For recommendations, use a random walk by user-board-pin graph, implement PinSage, which was spoken about yesterday . Personalization has evolved from sorting by time, through a linear model and GBDT to a neural network (since 2017). When collecting the final list, it is important not to forget about the business rules: freshness, variety, additional filters. We started with heuristics, now they are moving towards the optimization model of the context as a whole relative to the goals.

In the search situation (when the intention is there), they move a little differently: they try to better understand the intention. To do this, use the techniques of query understanding and query expansion, and the expansion is made not just by autocompletion, but through beautiful visual navigation. Use different techniques for working with pictures and texts. We started in 2014 still without deep learning, launched Visual Search with deep learning in 2015, added object detection with semantic analysis and search in 2016, recently launched the Lens service - you point the smartphone camera at an object and get pins. In deep learning, multi task is actively used: there is a common block that builds embedding of a picture. and on top of other networks to solve different problems.

In addition to these tasks, ML is used a lot more where: notifications / advertising / spam / forecasting, etc.

A little about the lessons learned:

We must remember about the bass, one of the most dangerous "rich get richer" (the tendency of machine learning to pour traffic into the already popular objects).
Be sure to test and monitor: the introduction of the grid at first strongly collapsed all the indicators, then it turned out that because of a bug, the distribution of features drifted long ago and voids appeared online.
The infrastructure and the platform are very important, special emphasis on convenience and parallelization of experiments, but we must also be able to cut off experiments offline.
Metrics and understanding: offline does not guarantee online, but we make tools for interpreting models.
Building a sustainable ecosystem: about the garbage filter and clickbate, be sure to add negative feedback to the MD and the model.
Don't forget that there is a layer for embedding business rules.

Broad Knowledge Graph by Amazon

Now comes the girl from Amazon.

There are knowledge graphs — entity nodes, edge attributes, etc. — that are built automatically, for example, by Wikipedia. They help to solve many problems. We would like to get a similar thing for products, but there are a lot of problems with it: there is no structured data at the entrance, the products are dynamic, there are many different aspects that do not fall on the knowledge graph model (arguably, in my opinion, rather “do not fall without serious complication of the structure "), There are a lot of verticals and" not named entities ". When the concept was “sold” to the management and received good, the developers said that it was “a project for a hundred years,” and finally managed in 15 person-months.

We started with extracting entities from the Amazon catalog: there is no structure here, although it is crowdsourced and dirty. Next hooked up OpenTag (explained in more detail yesterday) for word processing. And the third component was Ceres - a tool for parsing from the web, taking into account the DOM tree. The idea is that by annotating one of the pages of the site, you can easily parse the rest - after all, all generated by the template (but there are many nuances). To do this, they used the Vertex markup system (bought by Amazon in 2011) - they make markup, use the xpath set to isolate attributes, and determine which ones are applicable to a specific page using logistic regression. To merge information from different sites, use random forest. They also use active learning, complex pages are sent to manual layout. In the end, they make supervised knowledge cleaning - a simple classifier, for example, a brand / not a brand.

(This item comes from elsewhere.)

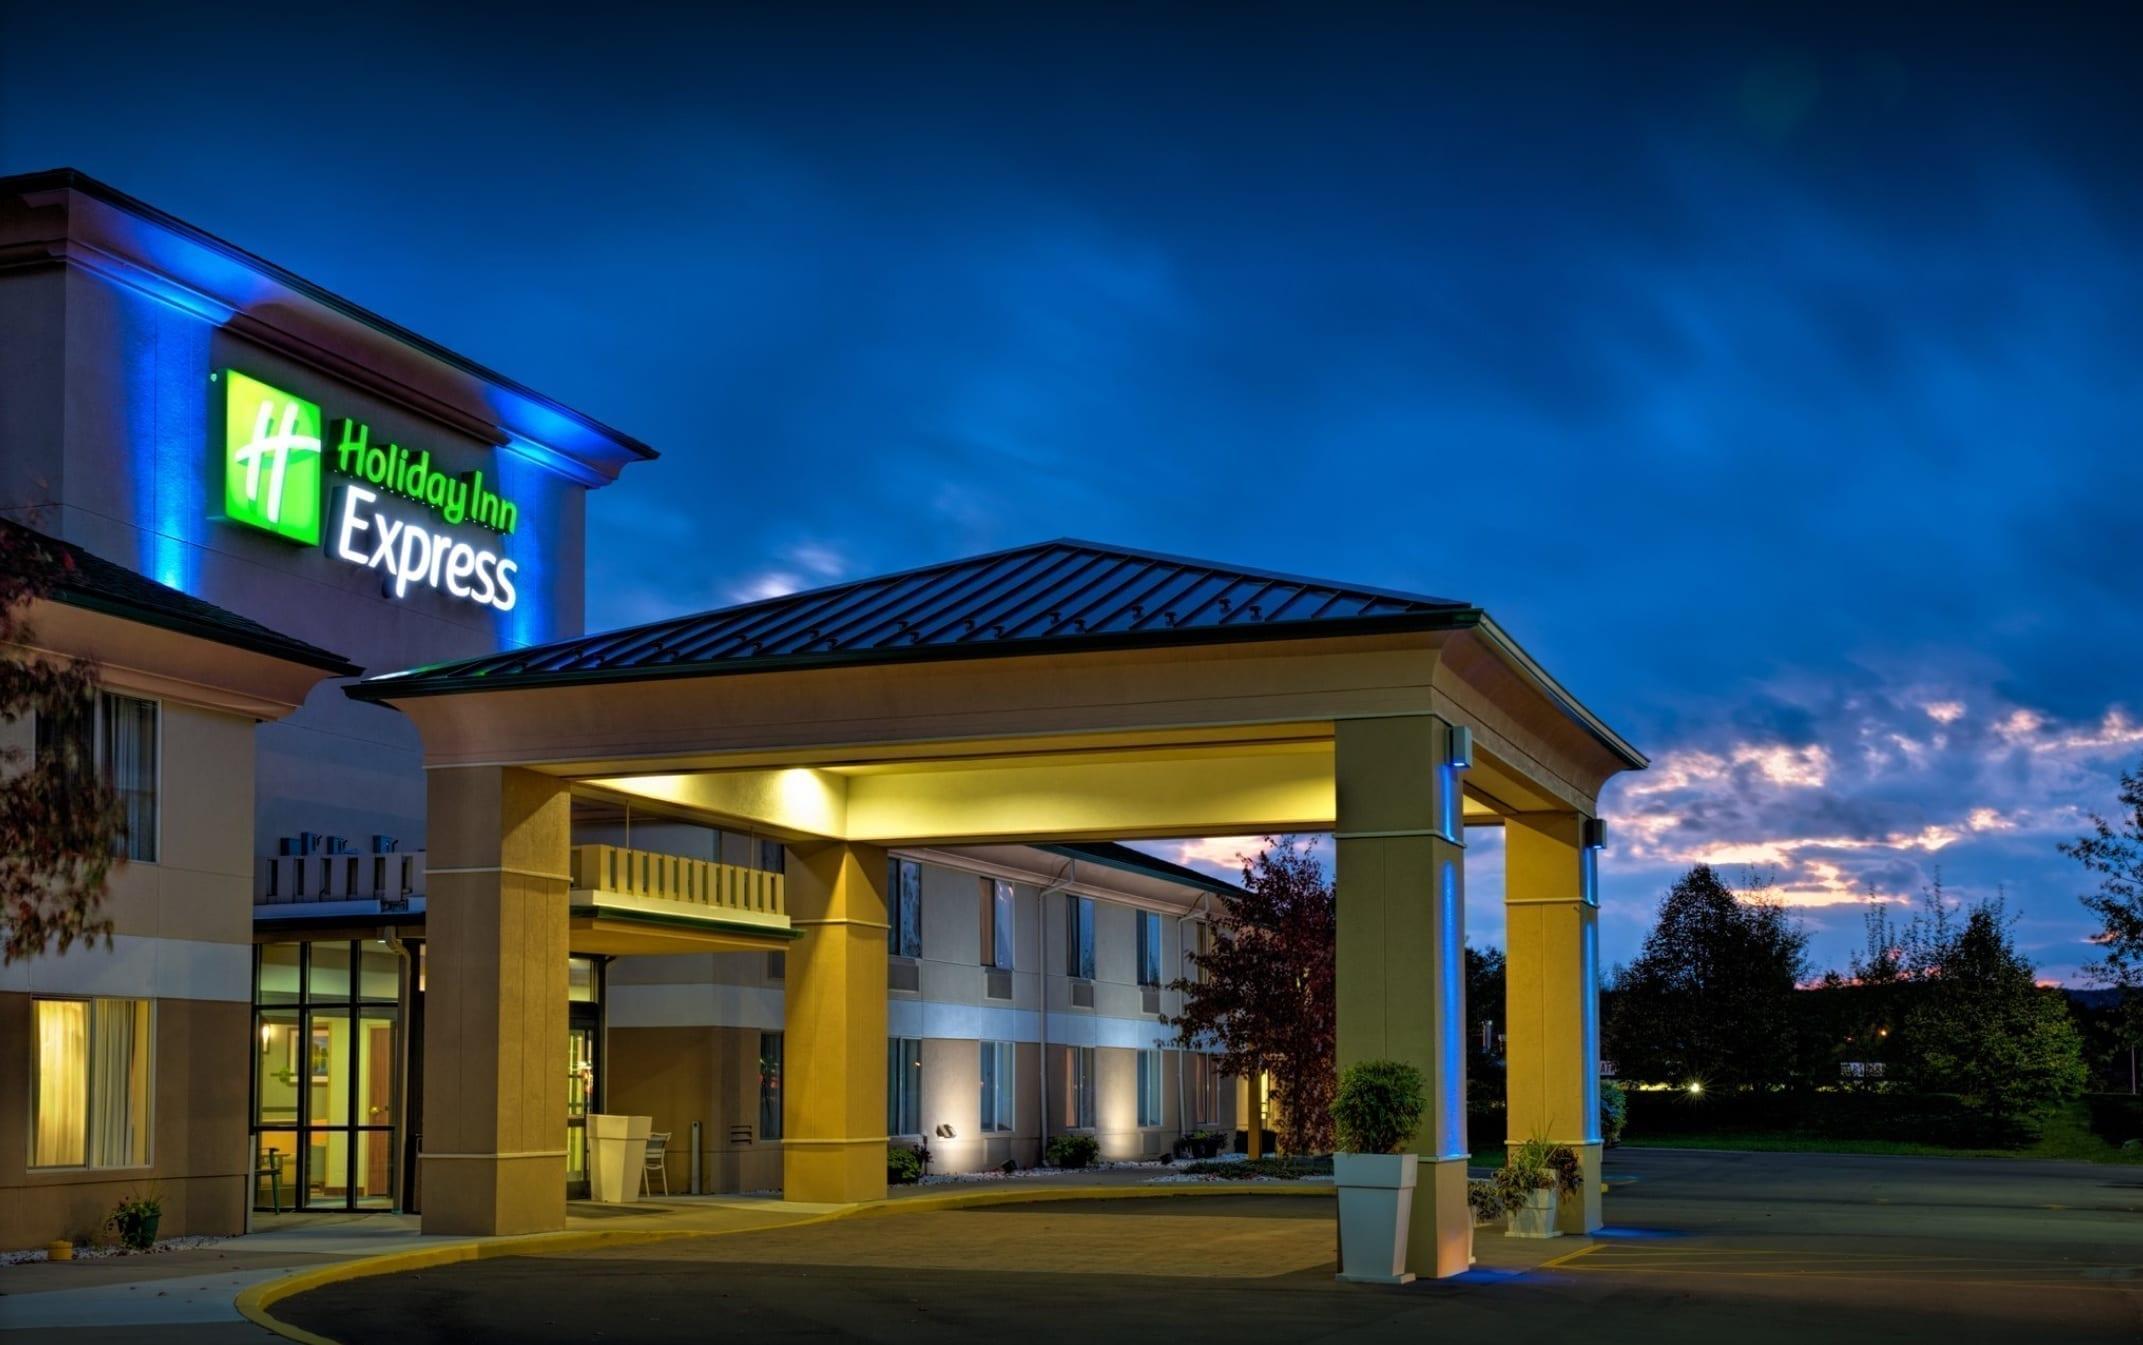 Holiday Inn Express by IHG - Salamanca, New York | MWT Hotel & Resort Architect

Next, a little for life. They identify two types of targets. Roofshots are the short-term goals that we achieve and we are moving the product, and Moonshots, which we are expanding and holding global leadership.

Embeddings and Representations

After lunch, I went to the section on how to build embeddings, mainly for graphs.

Finding Similar Exercises with a Unified Semantic Representation

The guys solve the problem of finding similar tasks in some Chinese online learning system. Tasks are described by text, pictures, and a set of related concepts. Developer input - Blend information from these sources. For pictures they make a rollout, for concepts, embeddings are trained, for words too. Word embedings are transmitted to Attention-based LSTM along with information about concepts and pictures. Get some representation of the assignment.

The block described above is turned into a Siamese network, in which attention is also added at the output of the similarity score.

They teach on a marked dataset of 100 thousand exercises and 400 thousand pairs (only 1.5 million exercises). Add hard negative, sampling exercises with the same concepts. The attention matrices can then be used to interpret similarity.

Arbitrary-Order Proximity Preserved Network Embedding

The guys are building a very interesting variant of embeddings for graphs. First, methods based on walks and on the basis of neighbors are criticized for focusing on the “proximity” of a certain level (corresponding to the length of the walk). They also offer a method that takes into account the proximity of the desired order, and with controlled weights.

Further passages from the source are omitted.